Ottawa has tightened the rules for obtaining a government-backed mortgage, as it casts an eye towards expected future interest rate increases and the risks those pose for Canadian homeowners.

Finance Minister Jim Flaherty announced Tuesday morning that prospective homeowners will soon have to meet the requirements for a five-year, fixed rate mortgage -- as opposed to the three-year standard in place right now. The rule will apply even if they choose a mortgage with a lower interest rate and shorter term.

Flaherty told reporters gathered at an Ottawa news conference that the change will "help Canadians prepare for higher interest rates in the future."

"One must always guard against the temptation to take on more financial risk simply because interest rates are low. Our government is acting to help prevent Canadian households from getting overextended and acting to help prevent some lenders from facilitating it," he said.

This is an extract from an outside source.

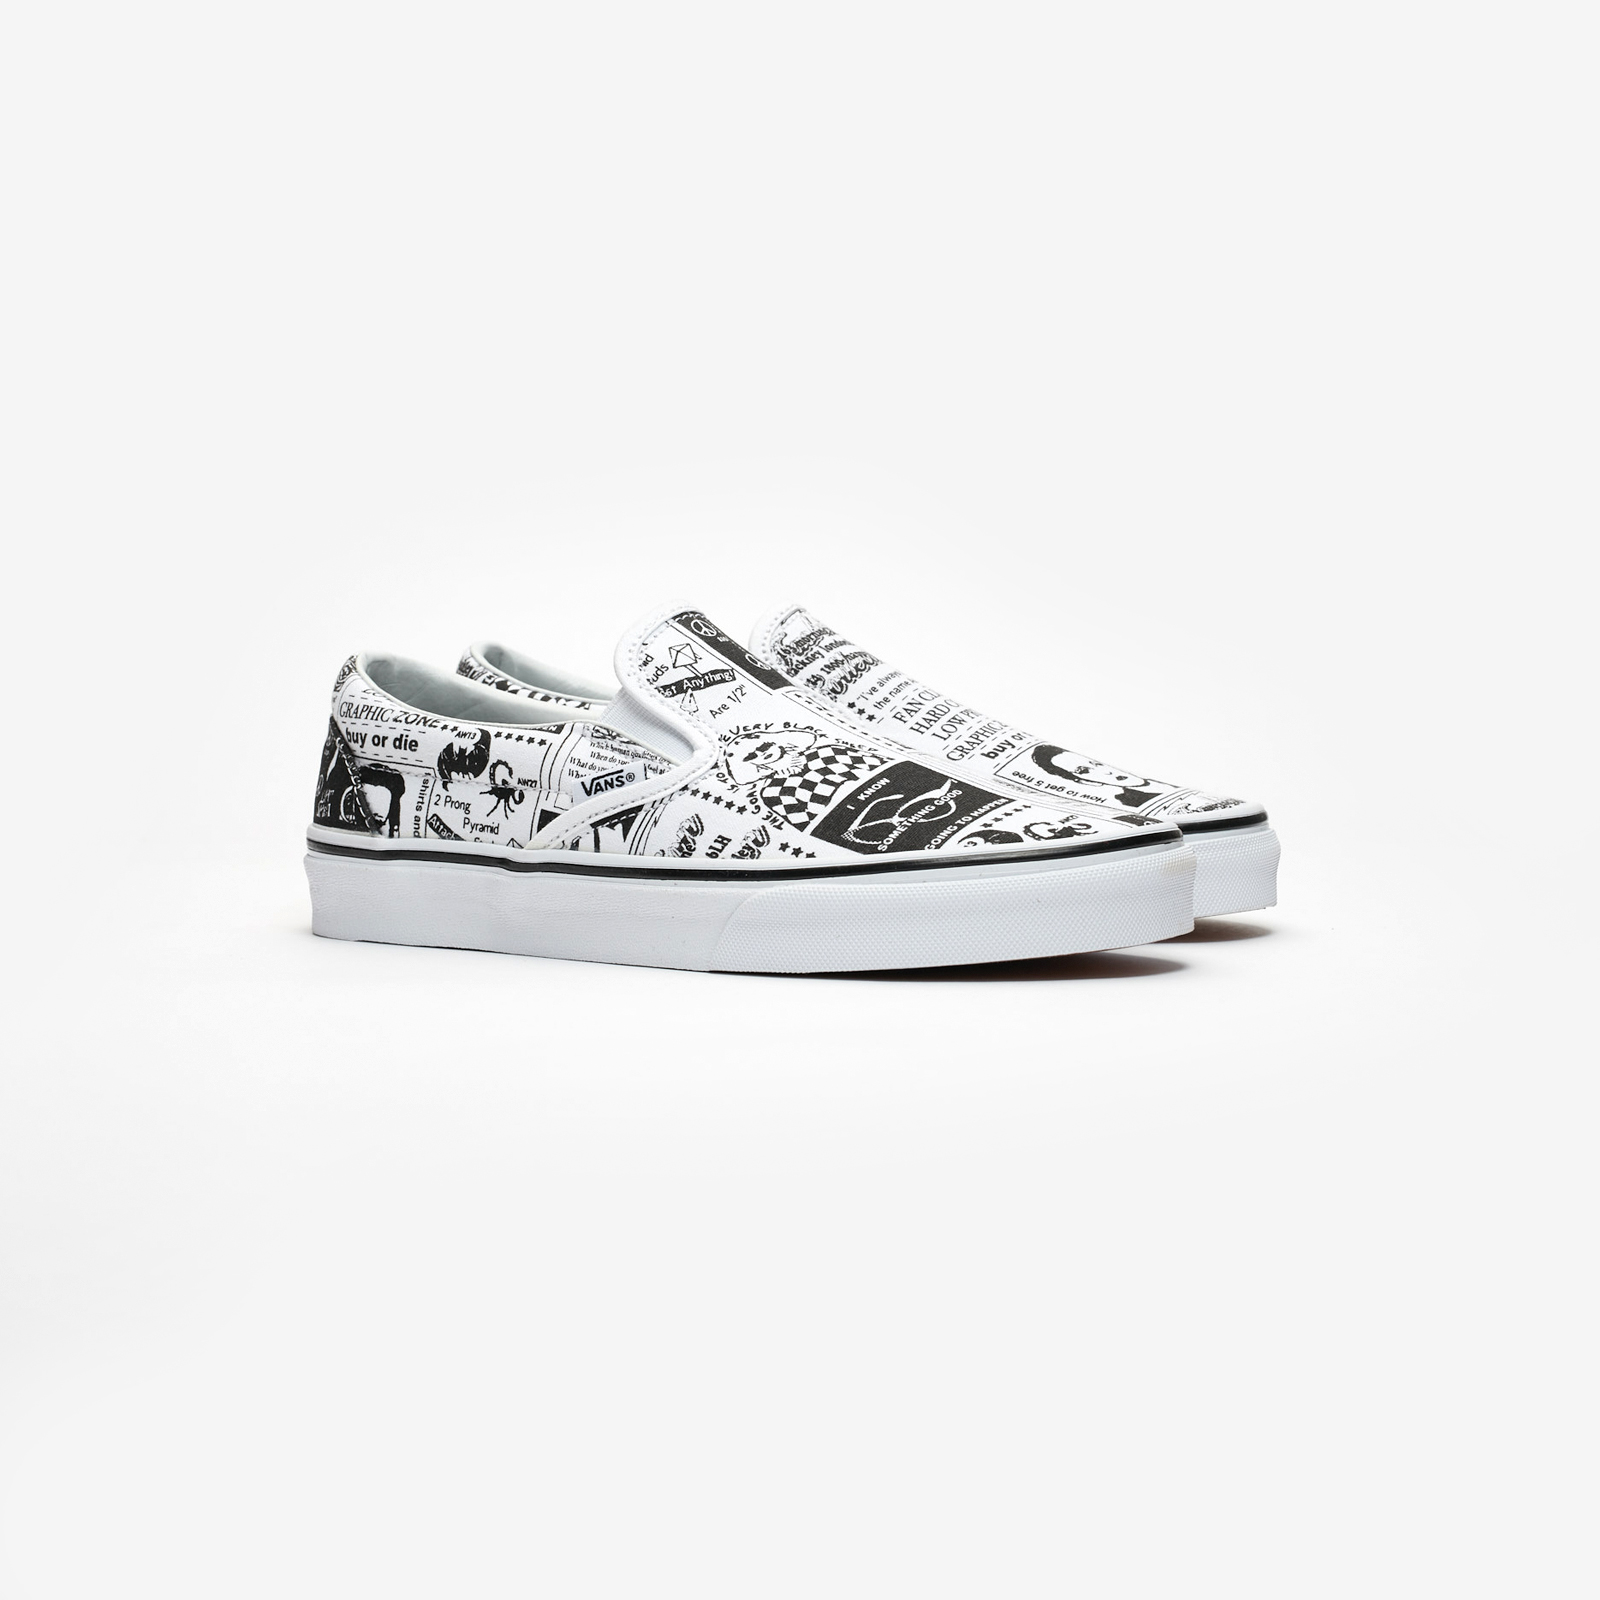 Vans x Ashley Williams Classic Slip On Shoes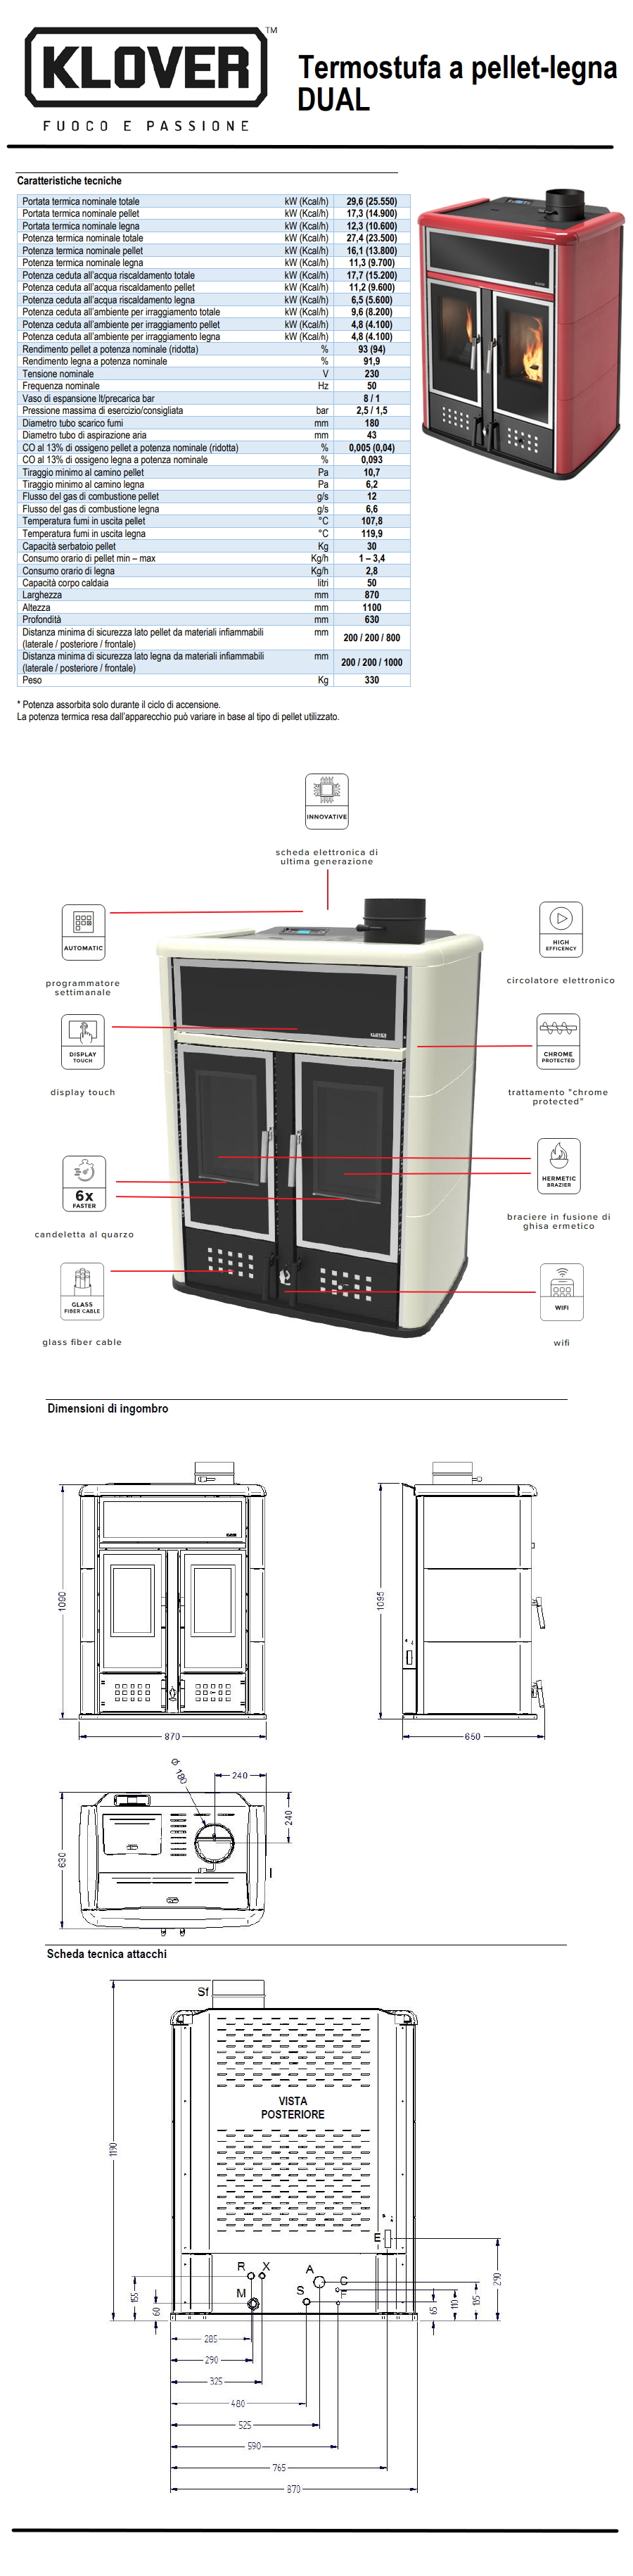 Stufa a pellet e legna klover dual acs 27 4 kw idro kit for Mito idro edilkamin scheda tecnica

Flaherty also announced Ottawa will also limit the amount of mortgage refinancing that homeowners can undertake.

"We will lower the maximum amount Canadians can withdraw in refinancing their mortgages to 90 per cent from 95 per cent of the value of their homes," he said.

"This will discourage the kind of mortgage refinancing that can create unsustainable debt levels as interest rates go up," he added.

"We are encouraging people to build equity over time, using homeownership as an effective way to save, rather than as a vehicle for quick cash."

The finance minister also announced that housing speculators will now have to put down a 20 per cent down payment on properties they will not be living in, to qualify for a government-backed mortgage.

But he said the government is not trying to crack down on investment properties such as rental units.

"What we're getting at is the speculation in multiple-condo markets, in particular," he said, making reference to incidents in the Vancouver and Toronto markets as examples.

Preventative measures

Flaherty said the changes, which are expected to come into force on April 19, were necessary to prevent future problems and he insisted they would not make it harder for Canadians to buy houses.

"The only restriction would be qualifying at a five-year, fixed-term basis, which is a credit qualification that a number of our chartered banks have already gone to," Flaherty said.

"I think that most prudent Canadians would want to have that level of ‘credit-worthiness,' of credit qualification, so that they could rest assured that their house would remain affordable -- and the mortgage remain affordable -- when interest rates rise, as they inevitably will."

Pointing to mortgage changes the Conservative government instituted two years ago -- including a minimum five per cent down payment for new mortgages and a maximum 35-year amortization period -- Flaherty said they also helped Canadians avert the kind of housing crisis seen in the United States in the current recession.

Economists had previously called for the minister to be stricter about who can get new mortgages, but warned the government not to put on the brakes to strongly, in order to preserve the fragile economic recovery. On Tuesday, several said they favoured the new rules brought forward by the government.

"Given the prospect of higher interest rates and the recent run-up in housing prices in some markets across Canada, the measures announced today are prudent," Frank Techar, president, personal and commercial banking, BMO Bank of Montreal said in a statement.

Carleton University professor Ian Lee said he supported the changes, but said he would also like to see the required mortgage housing down payment doubled from five to 10 per cent.

"In my judgment, the most important predictor of risk in home ownership is the amount of down payment," Lee told CTV News Channel from Ottawa on Tuesday morning.

Lee said he was hoping the finance minister would increase the required down payment "to really take out that additional risk that is there, which is caused by the fact that interest rates are going to go up."

"And when they go up, some of these people will not be able to keep their house, because they will not be able to afford the payments," he said.

BNN's Michael Kane said Flaherty's position is that while there may not be a housing bubble immediately on the horizon, he wants to be proactive in preventing one from forming.

"What Mr. Flaherty is saying here, is that even though he doesn't see the bubble really forming at all, to put certain measures in place so one does not get the chance to build is the prudent thing to do," Kane said Tuesday morning from Toronto.

Overall, Flaherty said the Canadian housing market is "healthy and stable," with about two-thirds of Canadians owning their own homes.

"Our housing market… has been a source of strength for our country and a source of growing wealth for hardworking Canadians themselves," Flaherty said.